#### WHAT YOU WILL DO
All of the data below must be reproduced word for word, but without its images.

#### COLLECTED MATERIAL

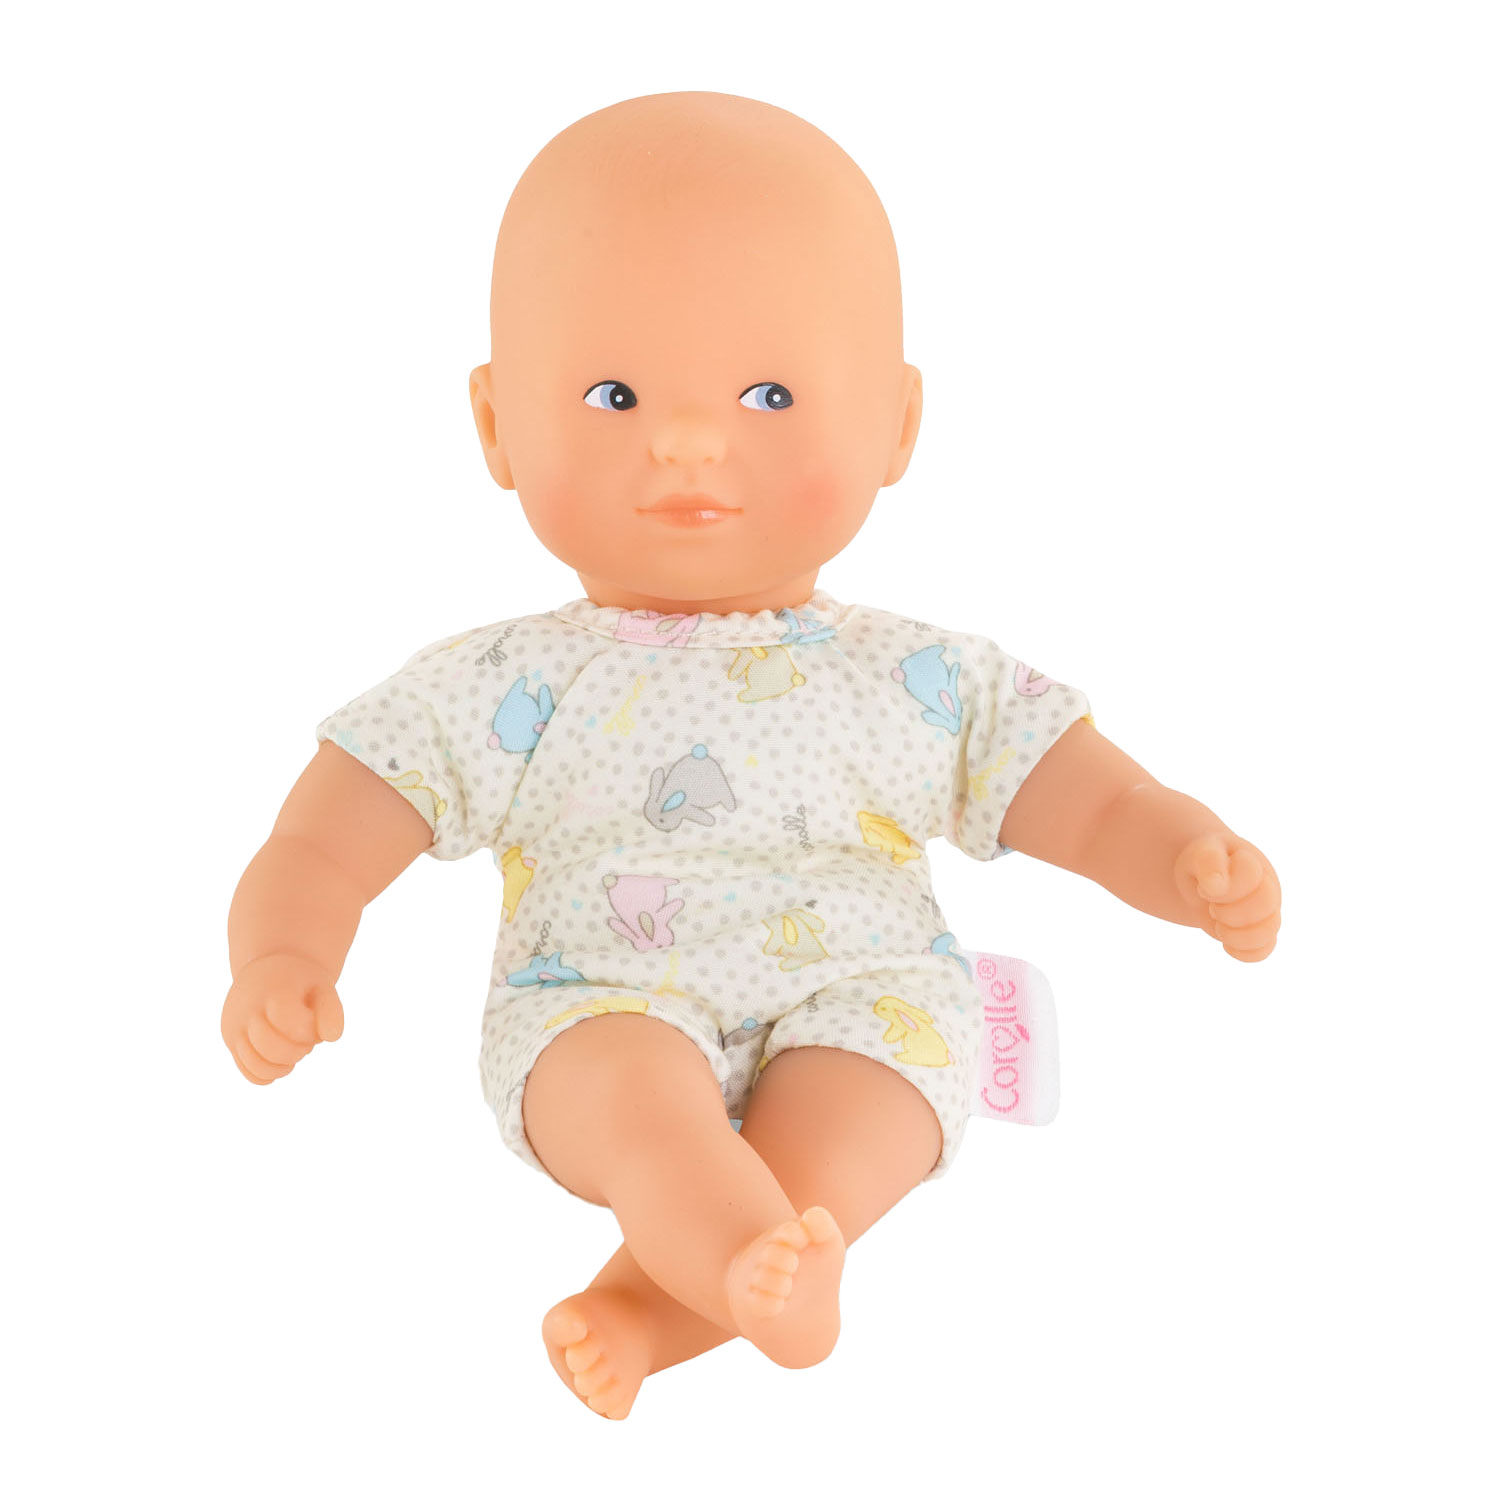 Corolle Mon Premier Poupon Mini Calin Baby Doll - Lapin Yeux Bleus, 20 cm
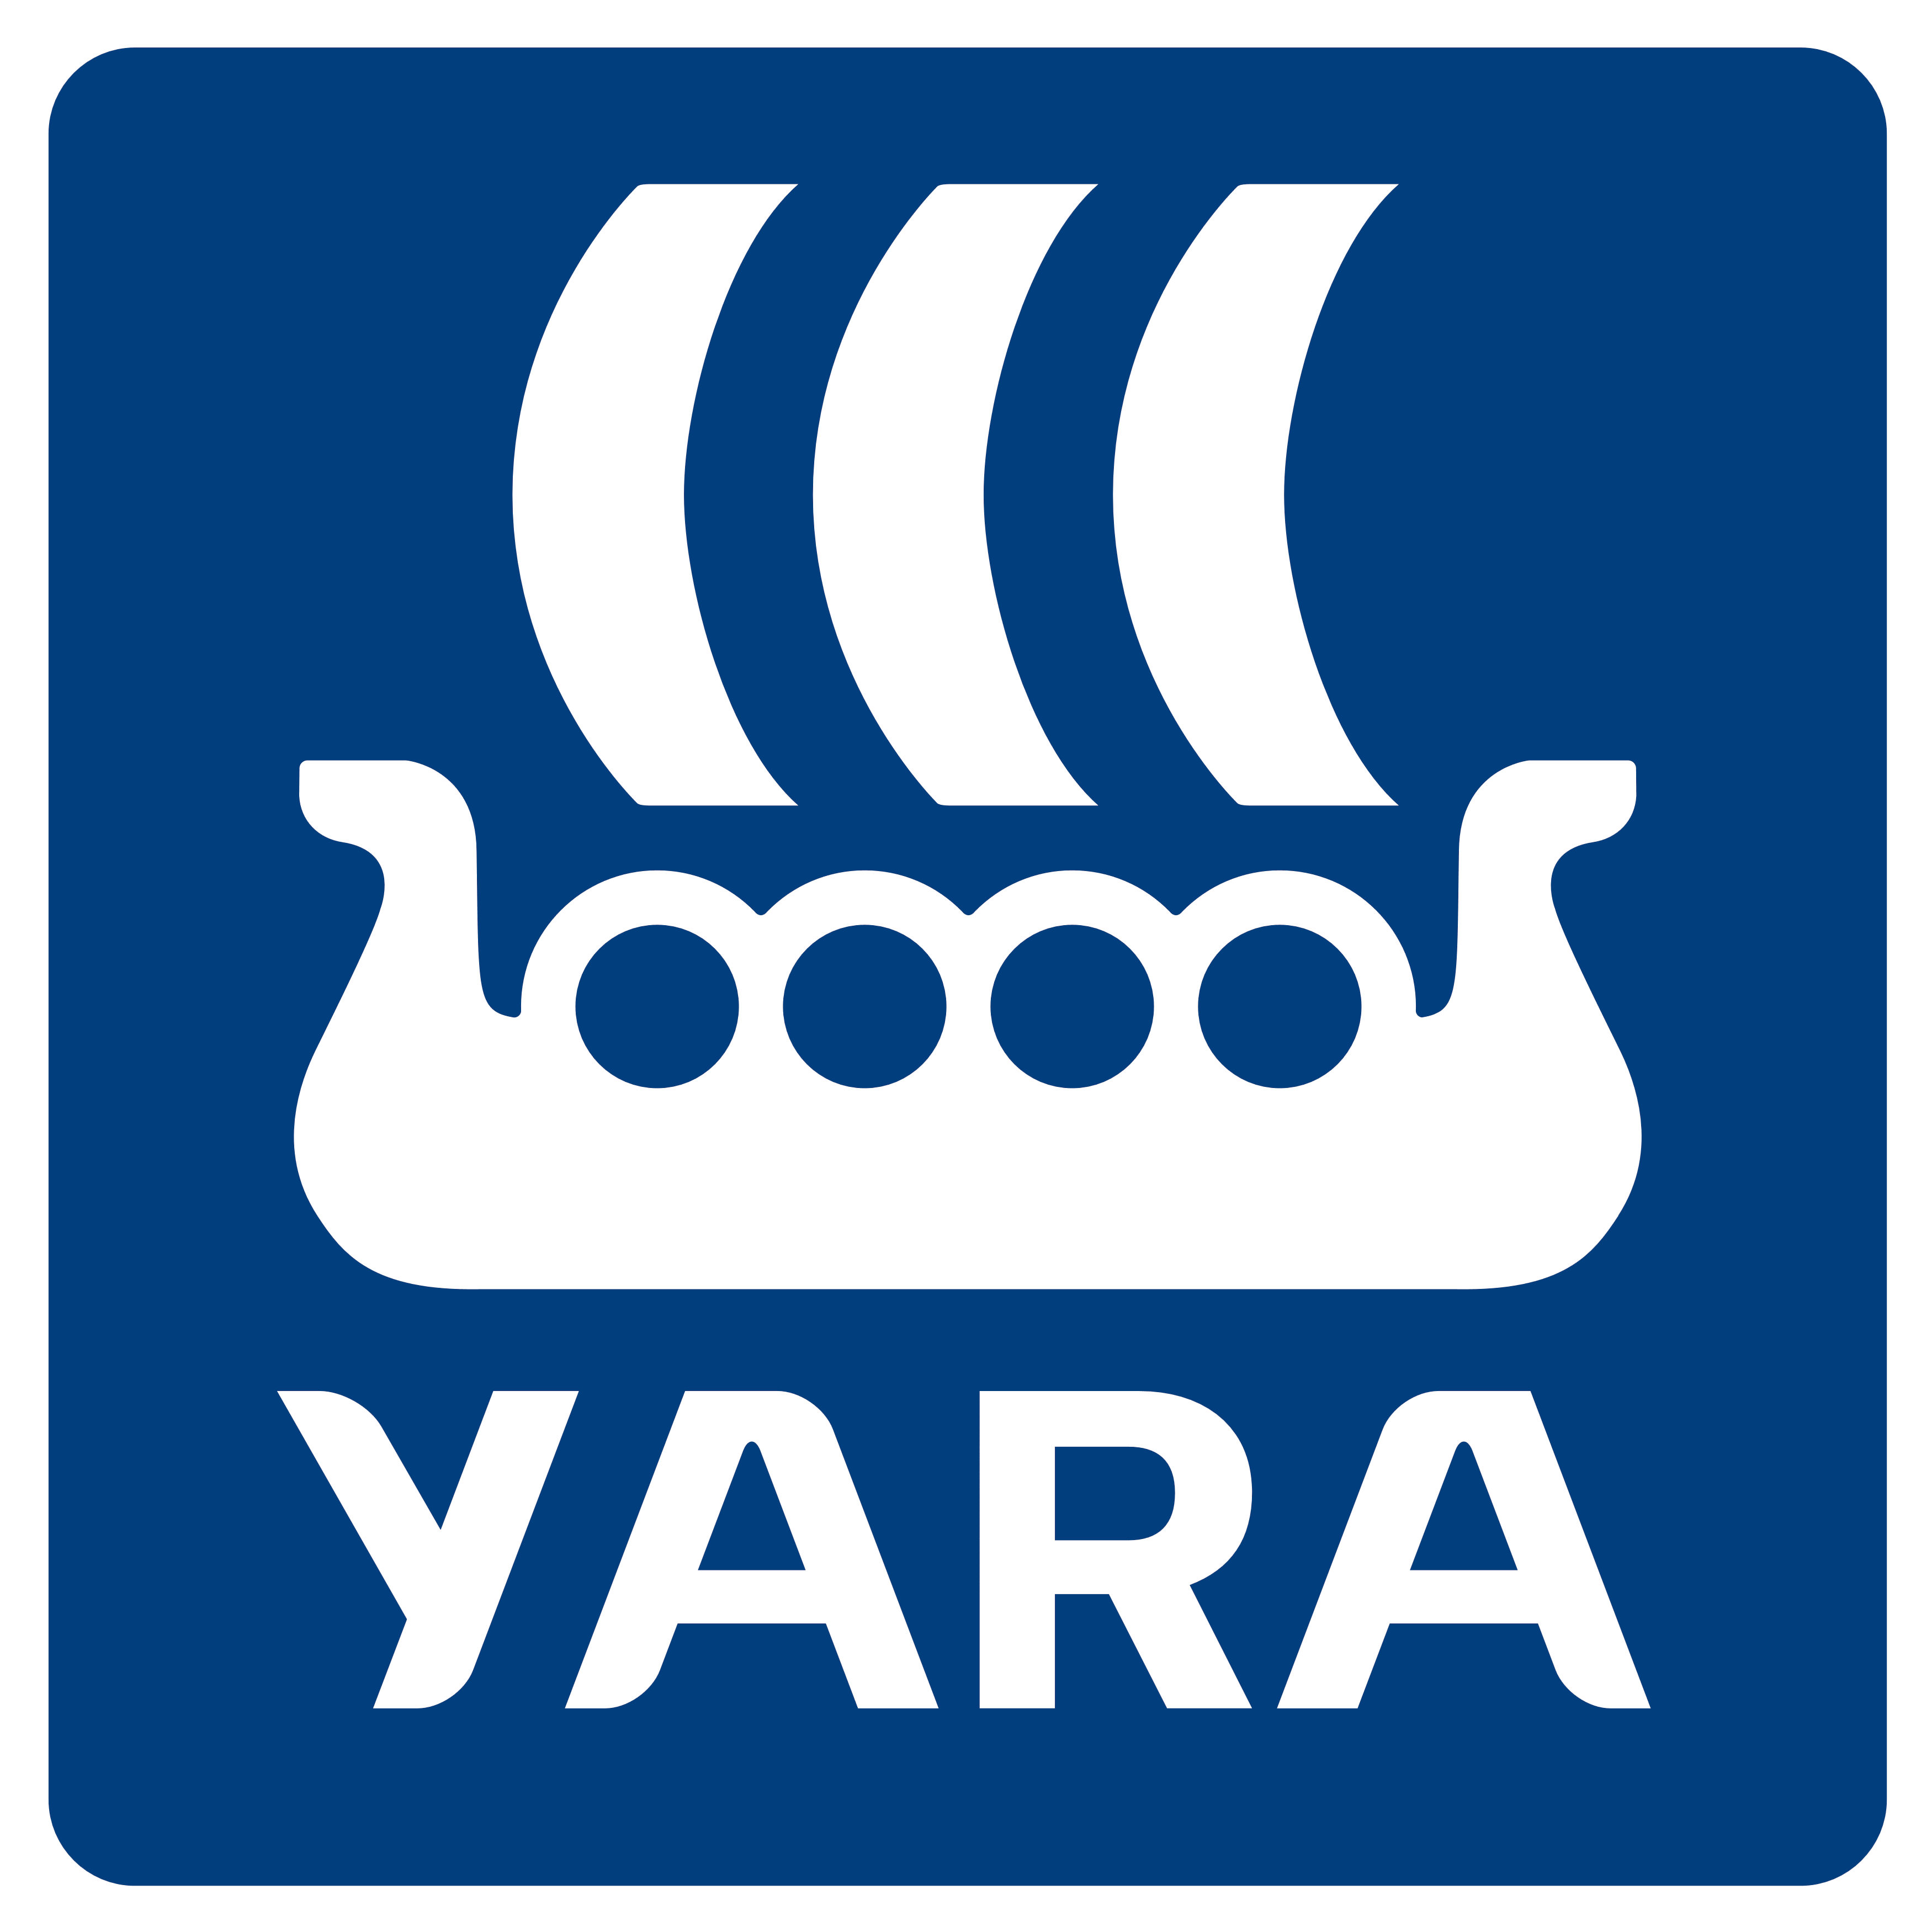 Yara logo, logotype
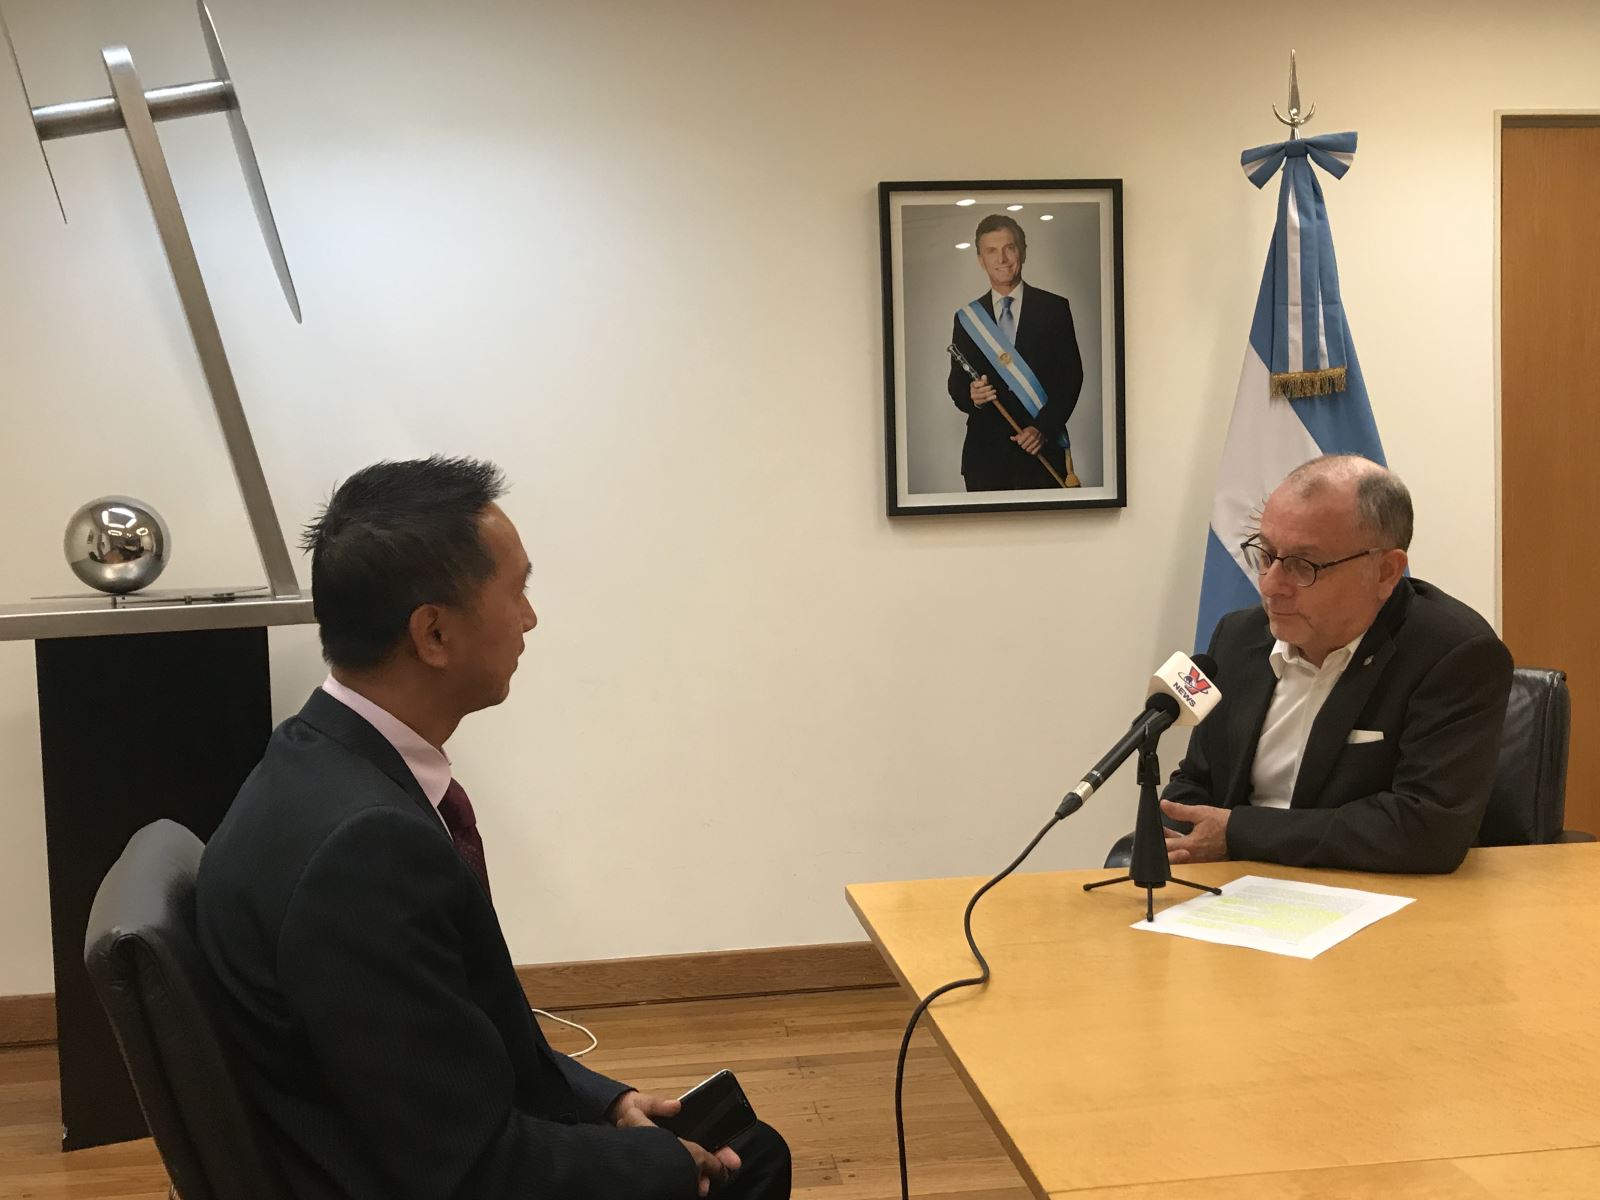 Mối quan hệ giữa Việt Nam và Argentina đang ngày càng được củng cố và phát triển với nhiều hoạt động hợp tác như thương mại, giáo dục và ngoại giao. Hãy tìm hiểu về những chương trình hợp tác giữa hai nước để hiểu rõ hơn về mối quan hệ đầy tiềm năng này.

#### RESULT
 Corolle Mon Premier Poupon Mini Calin Baby Doll - Lapin Yeux Bleus, 20 cm
 Yara logo, logotype
 Mối quan hệ giữa Việt Nam và Argentina đang ngày càng được củng cố và phát triển với nhiều hoạt động hợp tác như thương mại, giáo dục và ngoại giao. Hãy tìm hiểu về những chương trình hợp tác giữa hai nước để hiểu rõ hơn về mối quan hệ đầy tiềm năng này.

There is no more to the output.